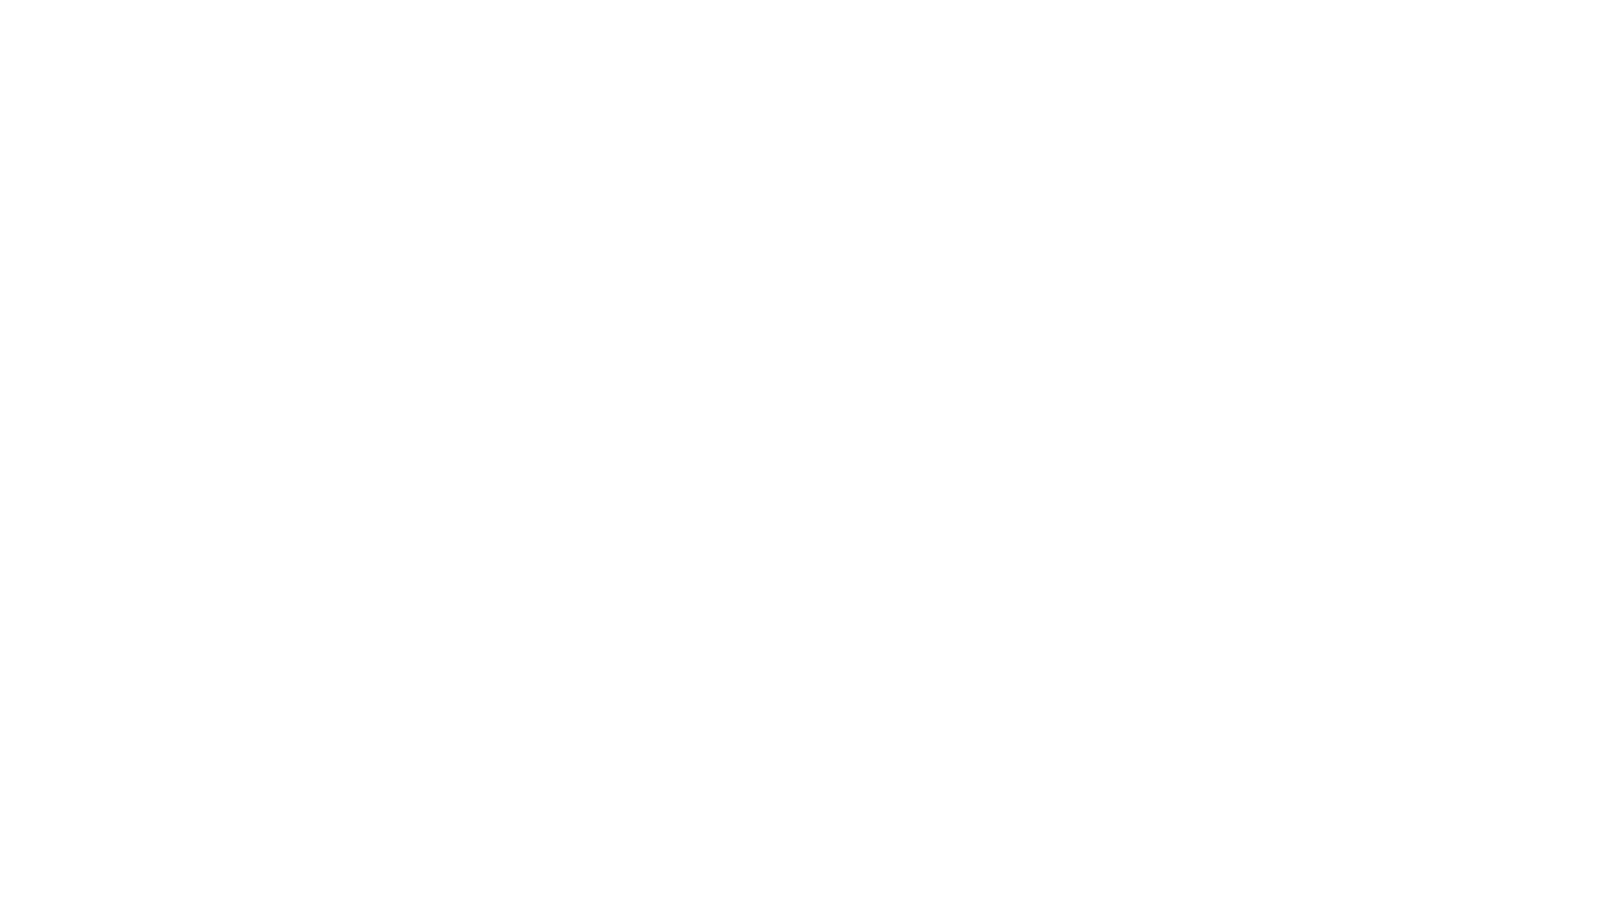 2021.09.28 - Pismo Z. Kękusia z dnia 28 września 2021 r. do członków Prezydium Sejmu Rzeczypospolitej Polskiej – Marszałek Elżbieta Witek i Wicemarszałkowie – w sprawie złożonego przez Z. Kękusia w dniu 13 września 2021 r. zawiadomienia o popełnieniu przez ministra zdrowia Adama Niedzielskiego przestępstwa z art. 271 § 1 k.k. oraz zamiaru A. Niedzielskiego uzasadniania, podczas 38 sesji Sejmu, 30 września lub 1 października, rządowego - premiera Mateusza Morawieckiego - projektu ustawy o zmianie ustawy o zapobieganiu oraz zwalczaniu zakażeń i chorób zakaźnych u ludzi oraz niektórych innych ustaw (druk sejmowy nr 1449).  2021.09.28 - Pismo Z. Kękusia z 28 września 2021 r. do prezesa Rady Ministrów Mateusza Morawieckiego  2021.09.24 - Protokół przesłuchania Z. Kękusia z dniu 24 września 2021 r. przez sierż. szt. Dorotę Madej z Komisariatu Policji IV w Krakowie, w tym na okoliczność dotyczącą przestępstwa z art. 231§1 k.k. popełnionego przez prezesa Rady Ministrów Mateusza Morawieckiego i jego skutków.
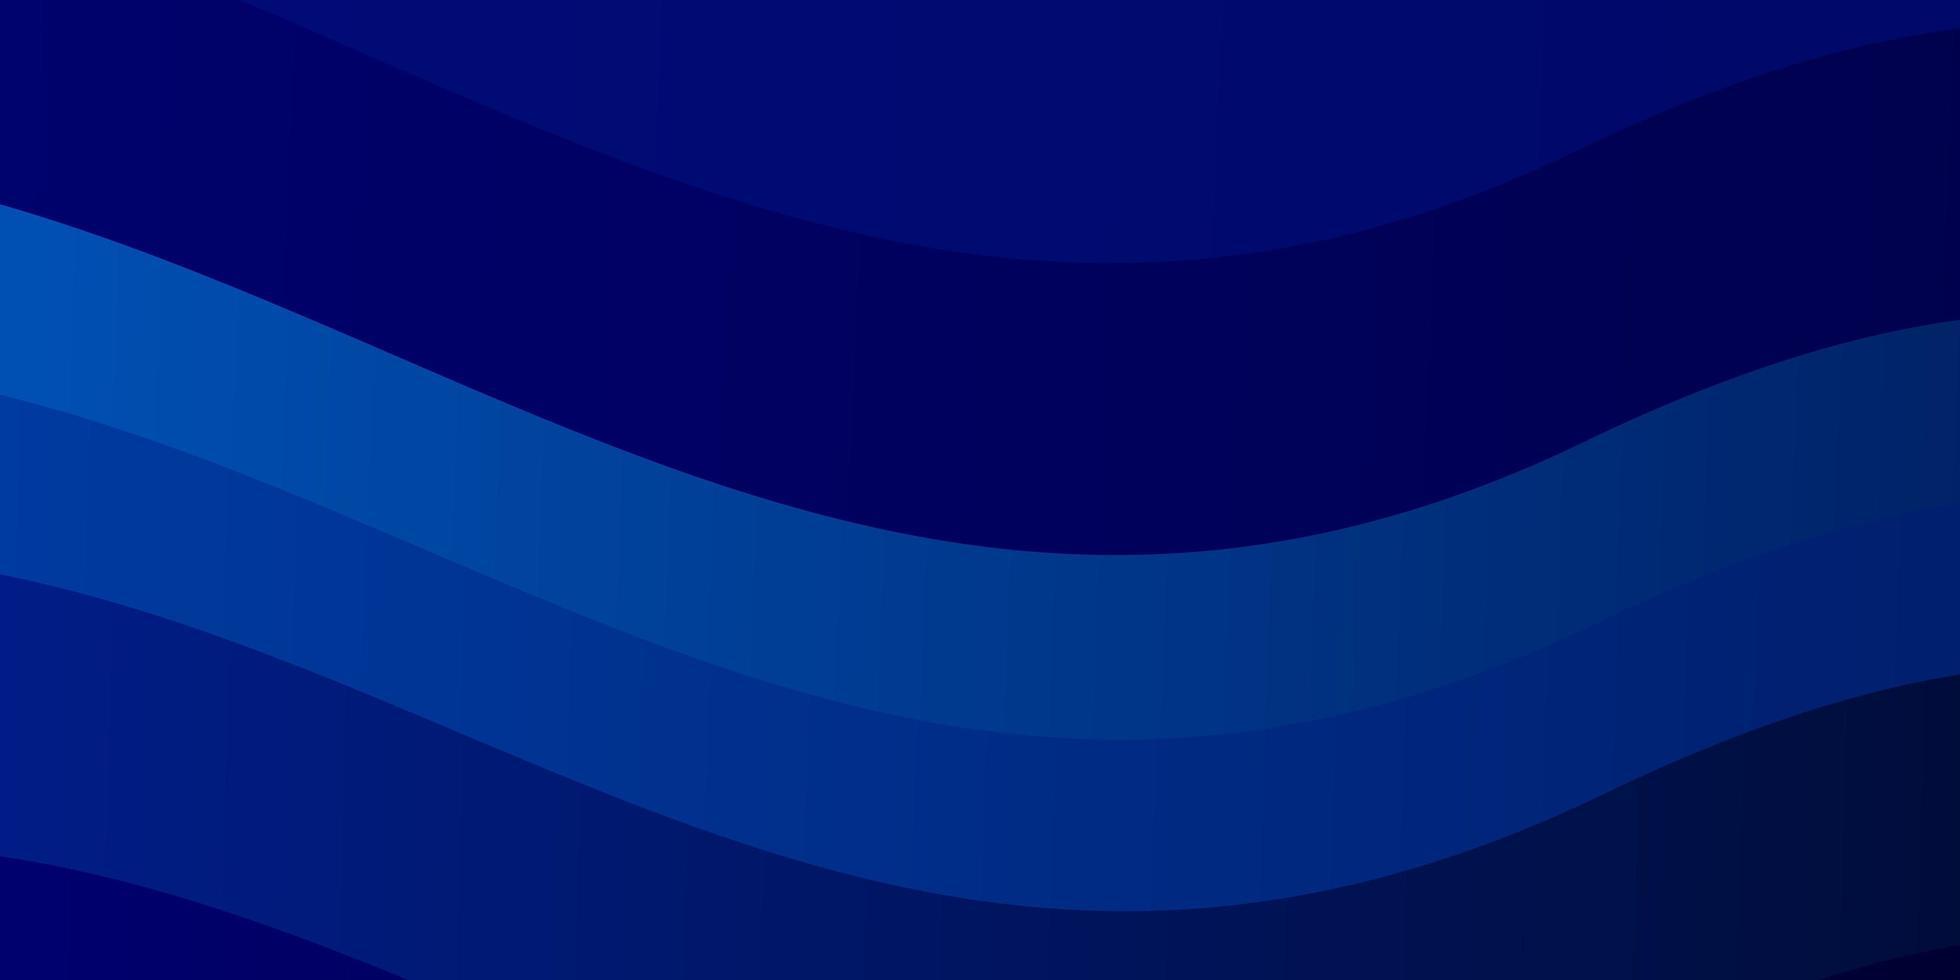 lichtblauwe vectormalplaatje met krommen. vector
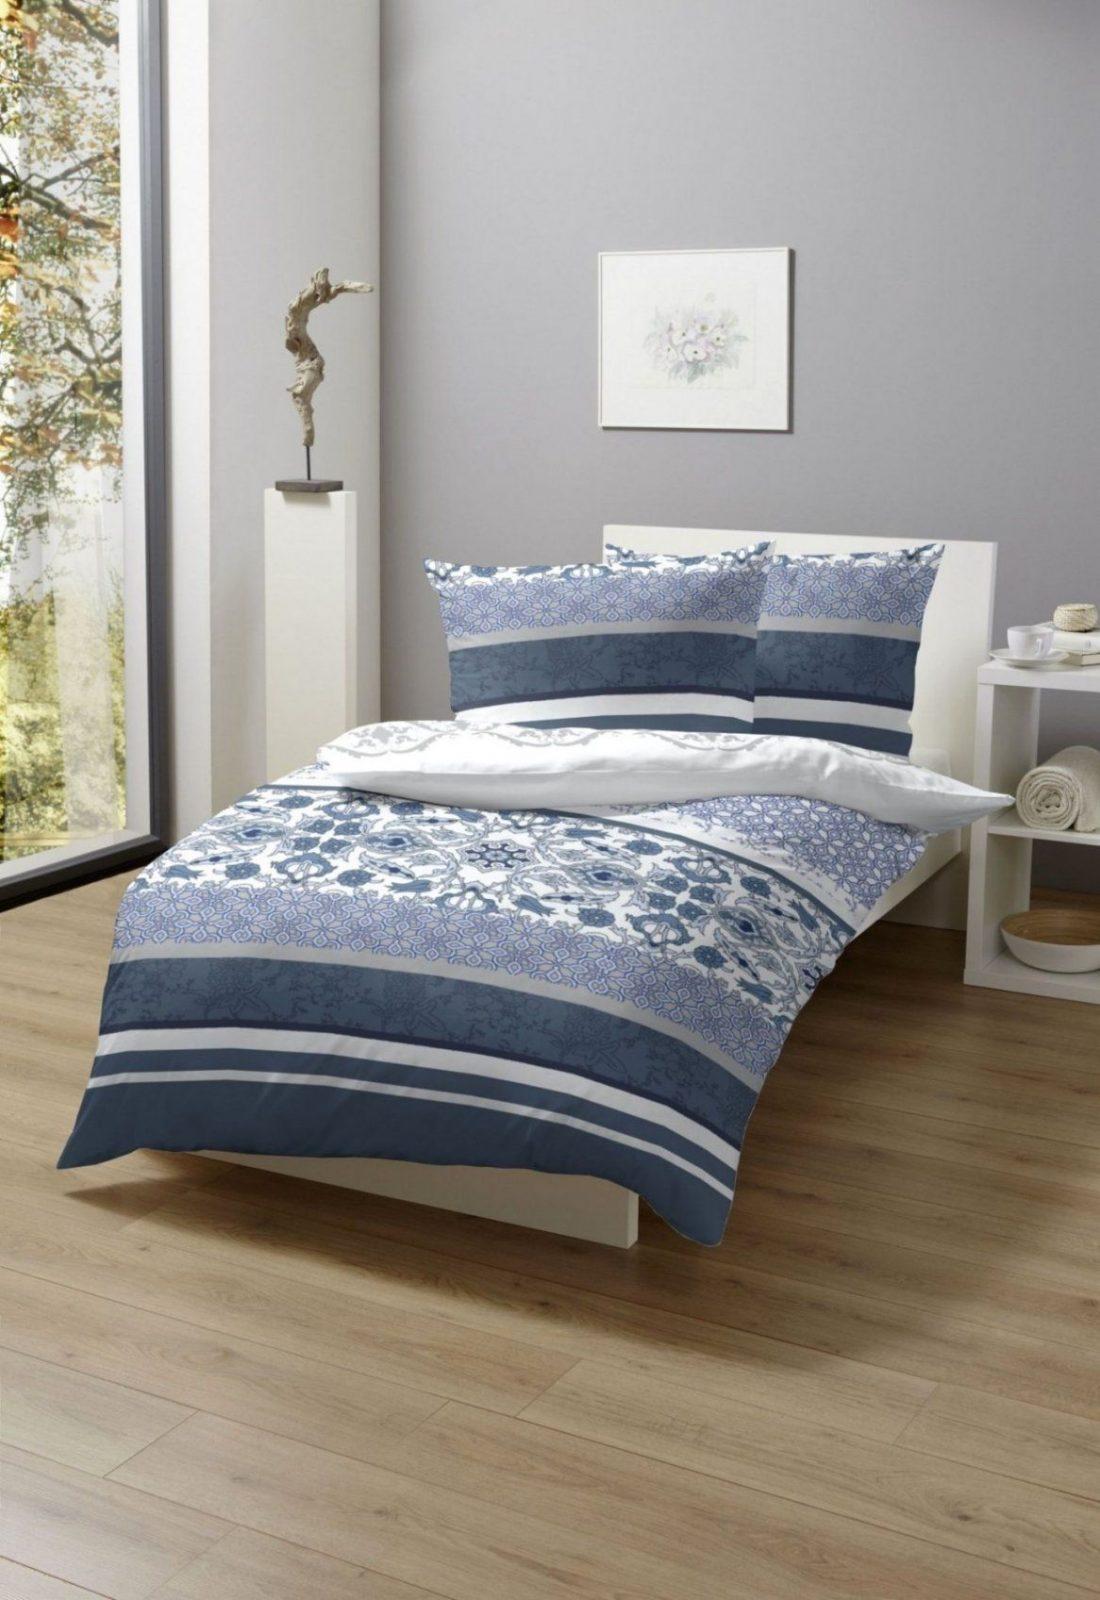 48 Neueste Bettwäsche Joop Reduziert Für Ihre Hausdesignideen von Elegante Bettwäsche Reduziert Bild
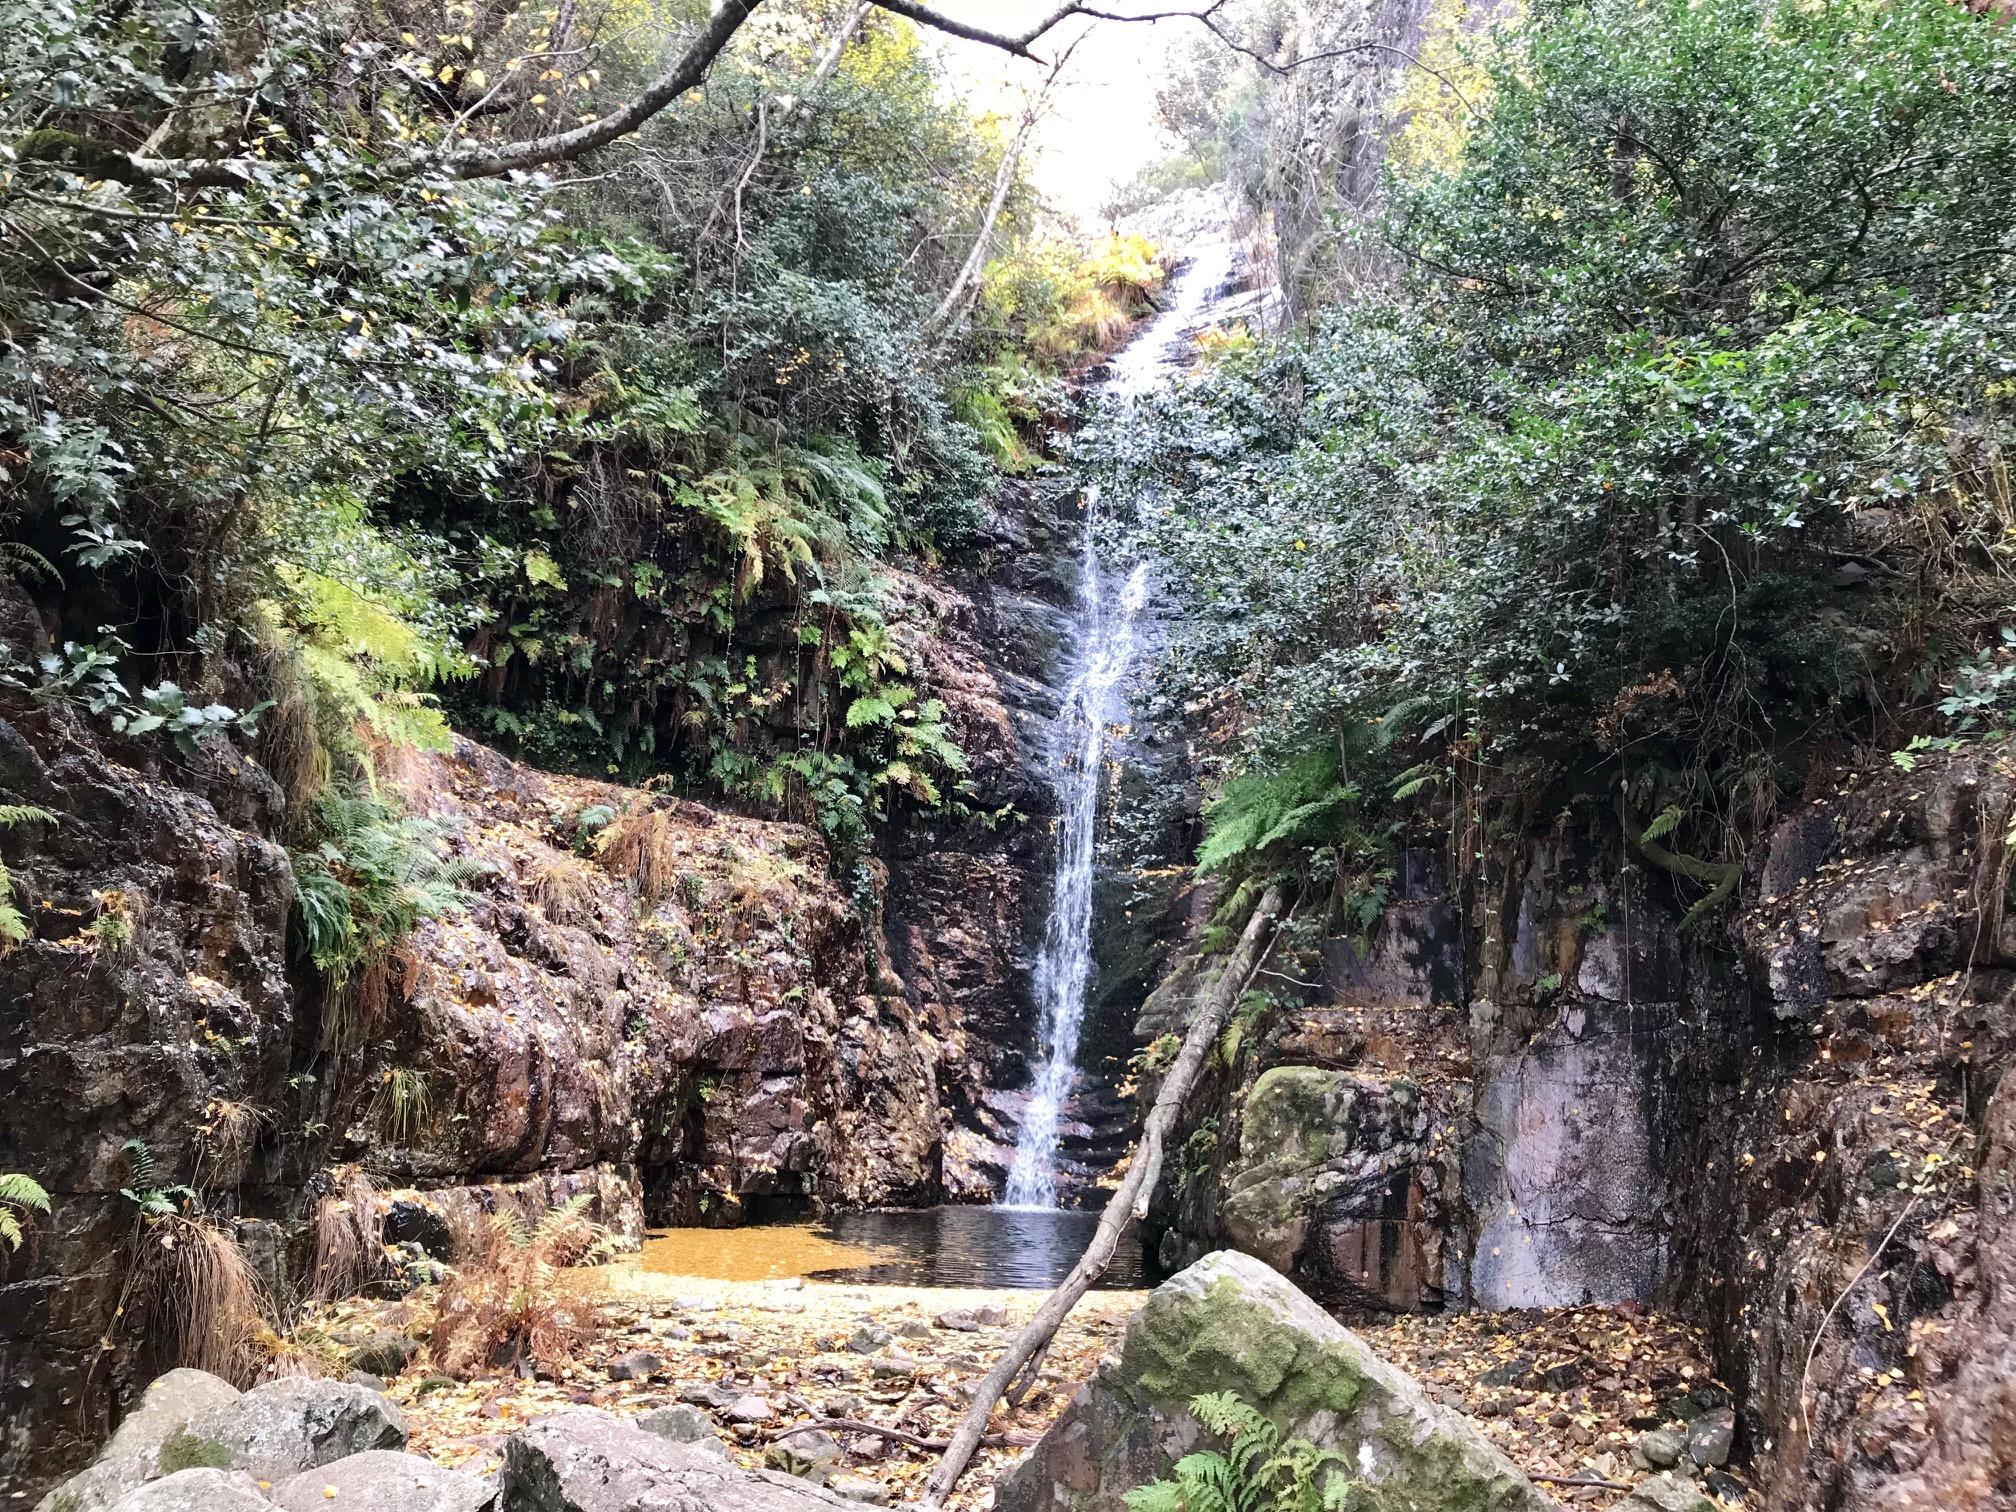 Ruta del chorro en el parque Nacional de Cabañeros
══════════════════════════════
▸ **DESCRIPTION OF THE TASK**
Without any pictures, restate word for word only the lines from the one with "lichtblauwe vectormalplaatje met" through the end of the listing.

▸ **RESULT**
 lichtblauwe vectormalplaatje met krommen. vector
 48 Neueste Bettwäsche Joop Reduziert Für Ihre Hausdesignideen von Elegante Bettwäsche Reduziert Bild
 Ruta del chorro en el parque Nacional de Cabañeros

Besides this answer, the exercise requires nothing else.